Dataset items:
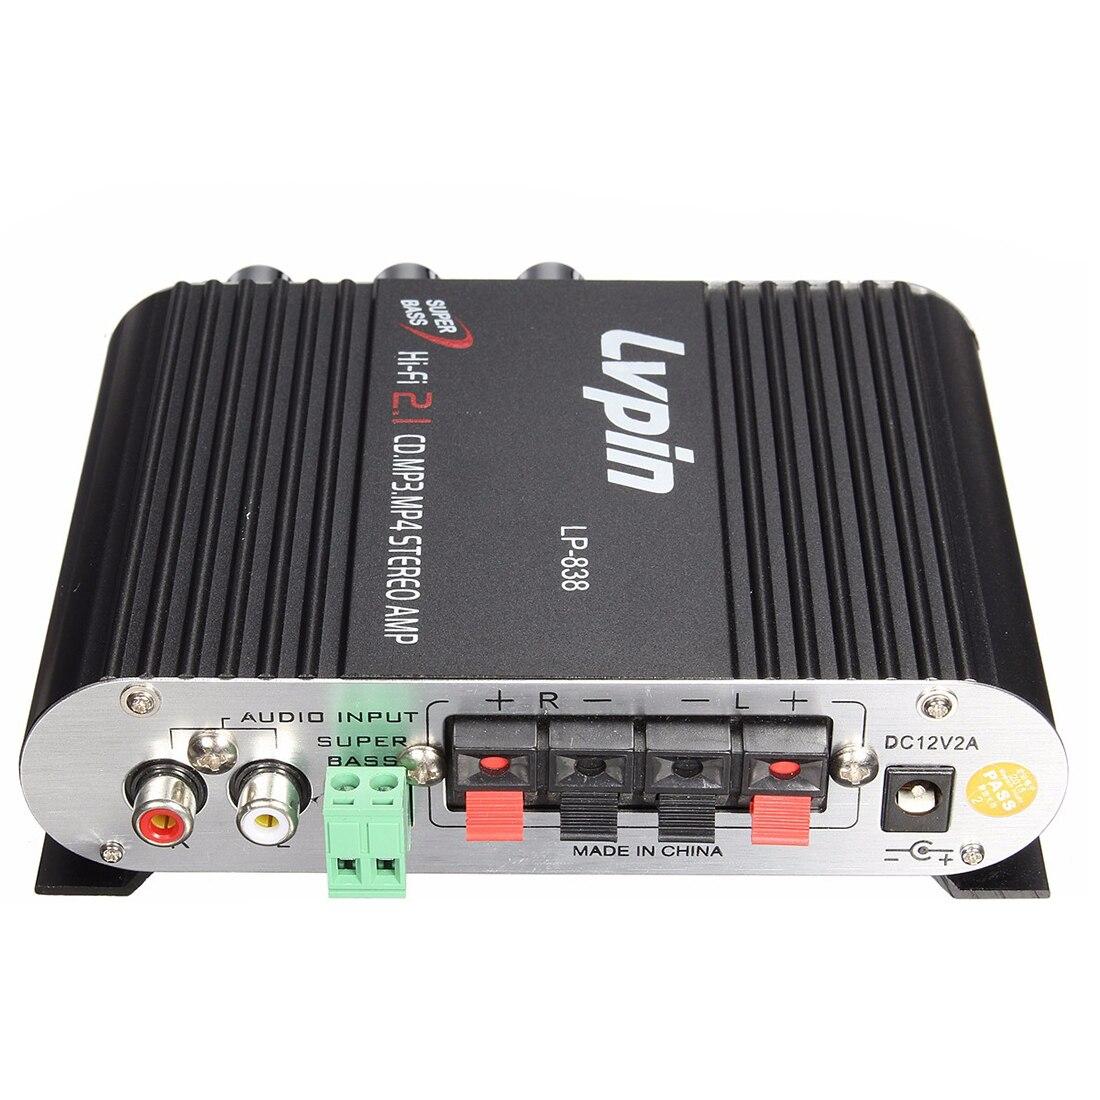 ATS FOR LVPIN 12V 200W Mini Hi-Fi Stereo Amplifier MP3 Car Radio Channels 2 House Super Bass
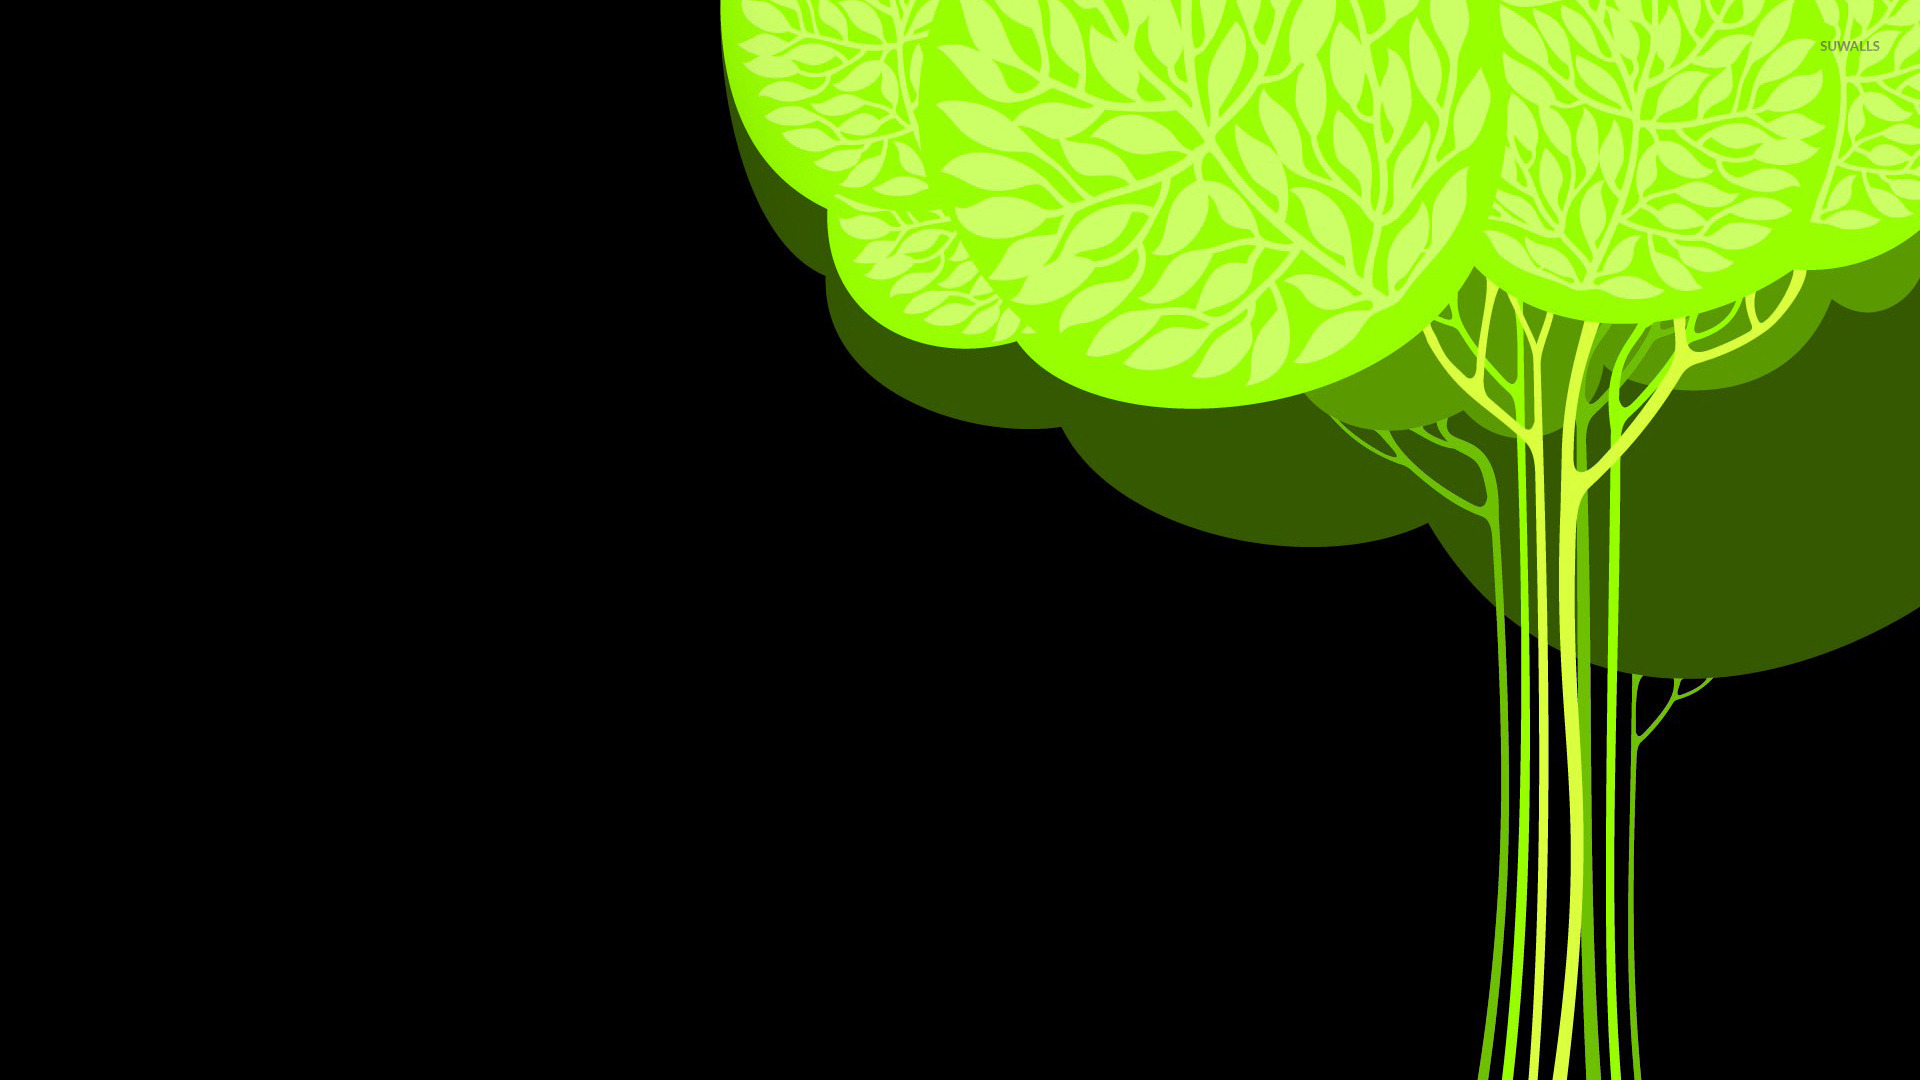 green tree 3 wallpaper vector wallpapers 20224
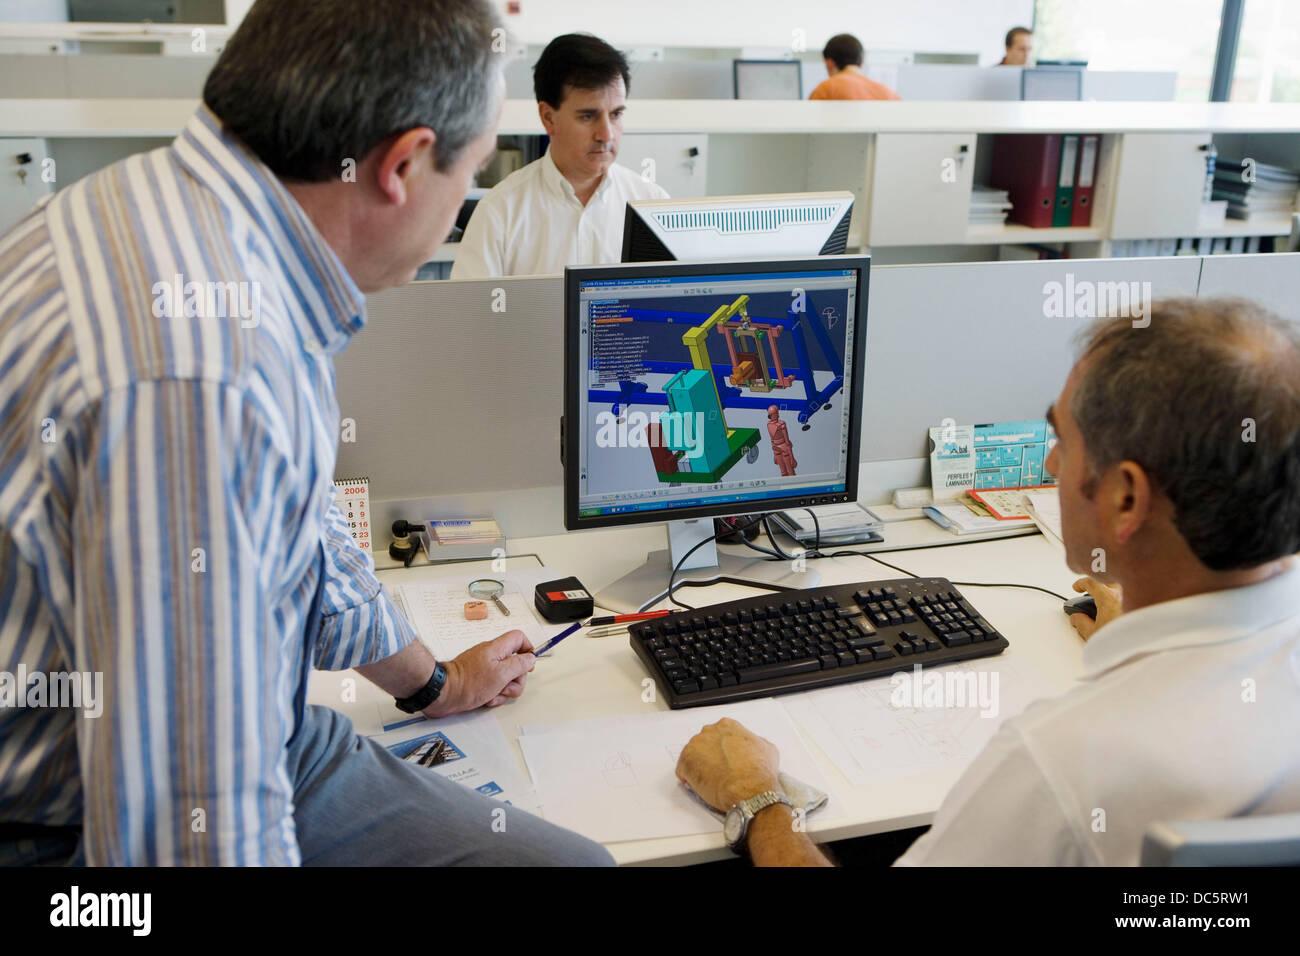 Designers working with  PCs. Cad Cam. Fatronik Foundation, Research Technology Center. Donostia, San Sebastian, - Stock Image
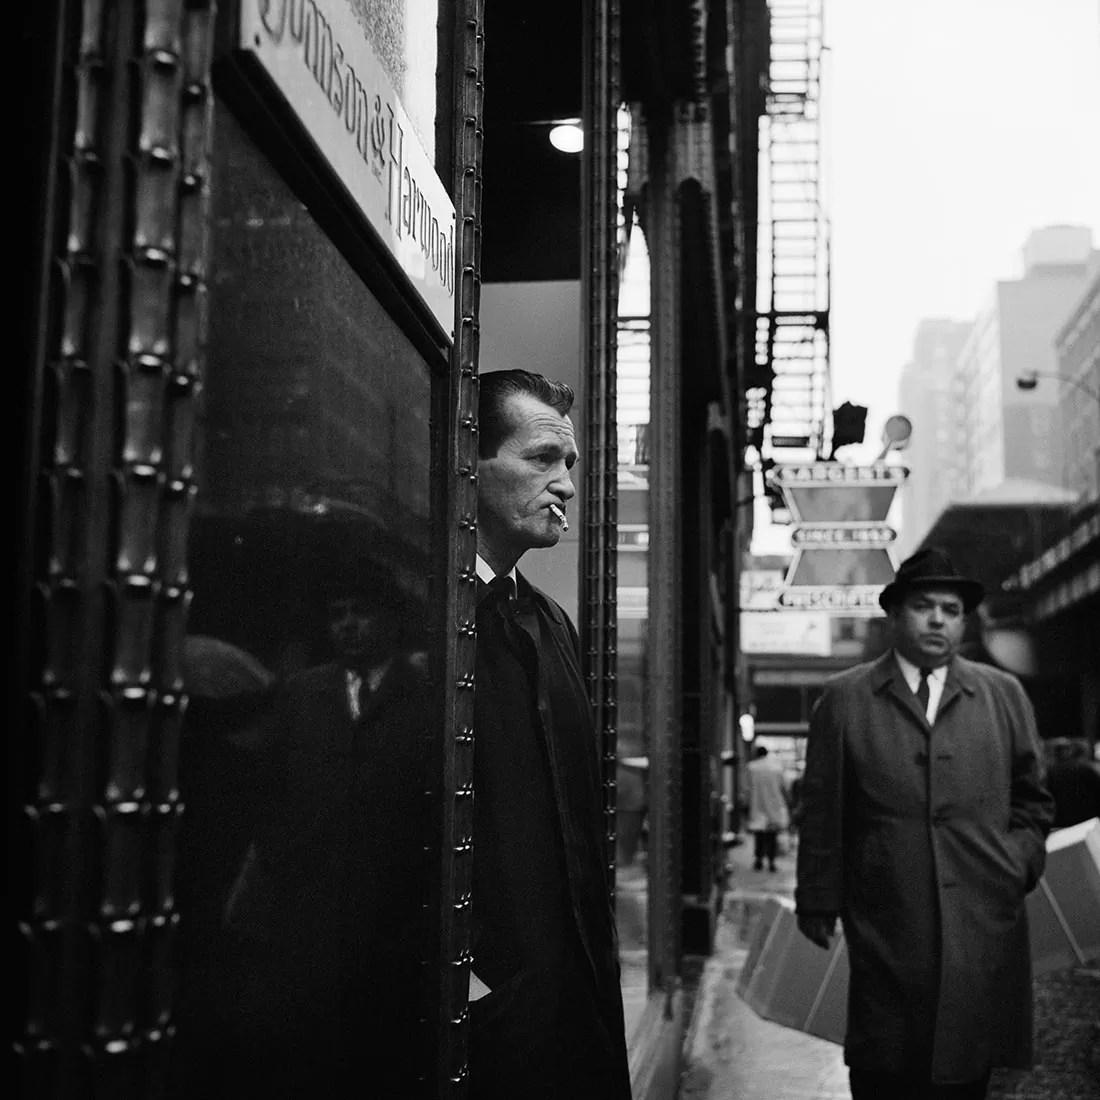 VM1966W01174 04 MC - Una storia Meravigliosa: Vivian Maier (Street Photography) - fotostreet.it
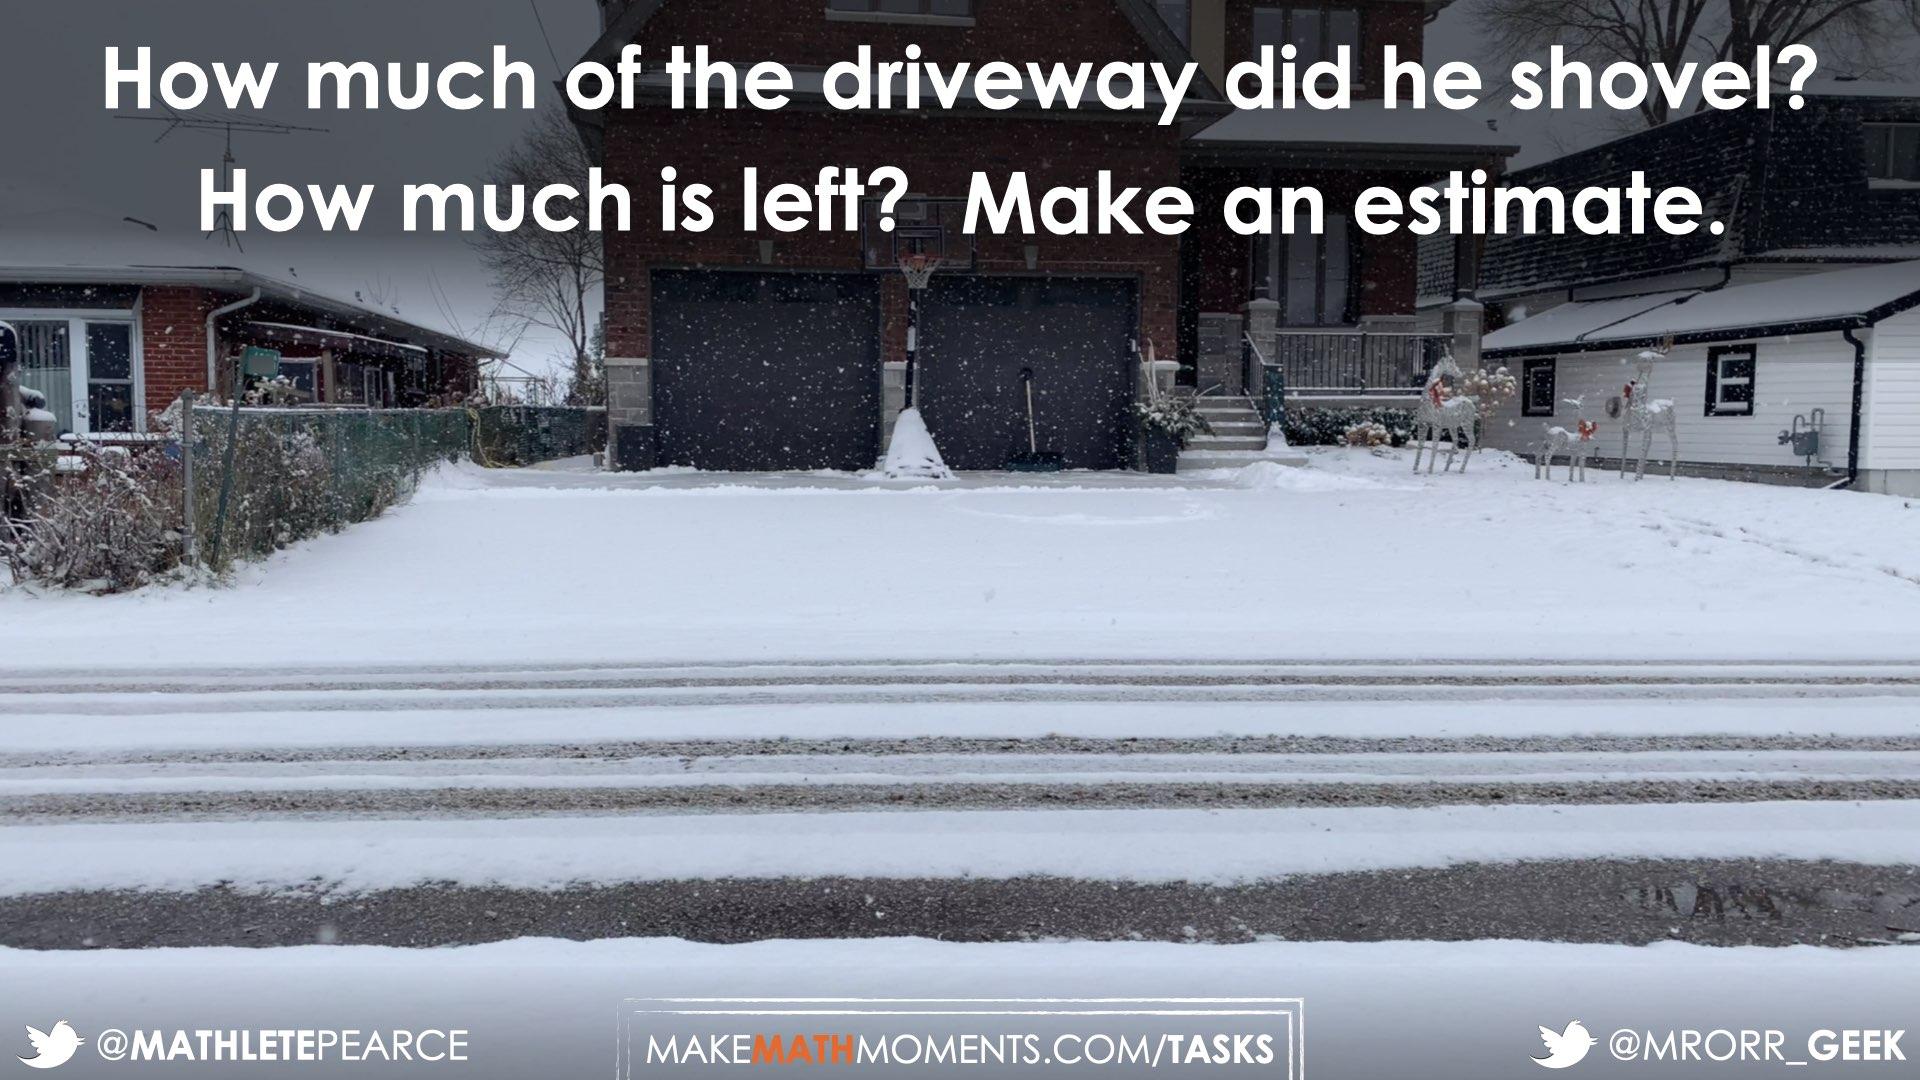 Shovelling-The-Driveway-Day-1-03-Spark-Prompt-Estimate-Image.jpeg

Task —
Could you print all of the entries exactly, skipping the images?

Solution —
 ATS FOR LVPIN 12V 200W Mini Hi-Fi Stereo Amplifier MP3 Car Radio Channels 2 House Super Bass
 green tree 3 wallpaper vector wallpapers 20224
 Designers working with  PCs. Cad Cam. Fatronik Foundation, Research Technology Center. Donostia, San Sebastian, - Stock Image
 VM1966W01174 04 MC - Una storia Meravigliosa: Vivian Maier (Street Photography) - fotostreet.it
 Shovelling-The-Driveway-Day-1-03-Spark-Prompt-Estimate-Image.jpeg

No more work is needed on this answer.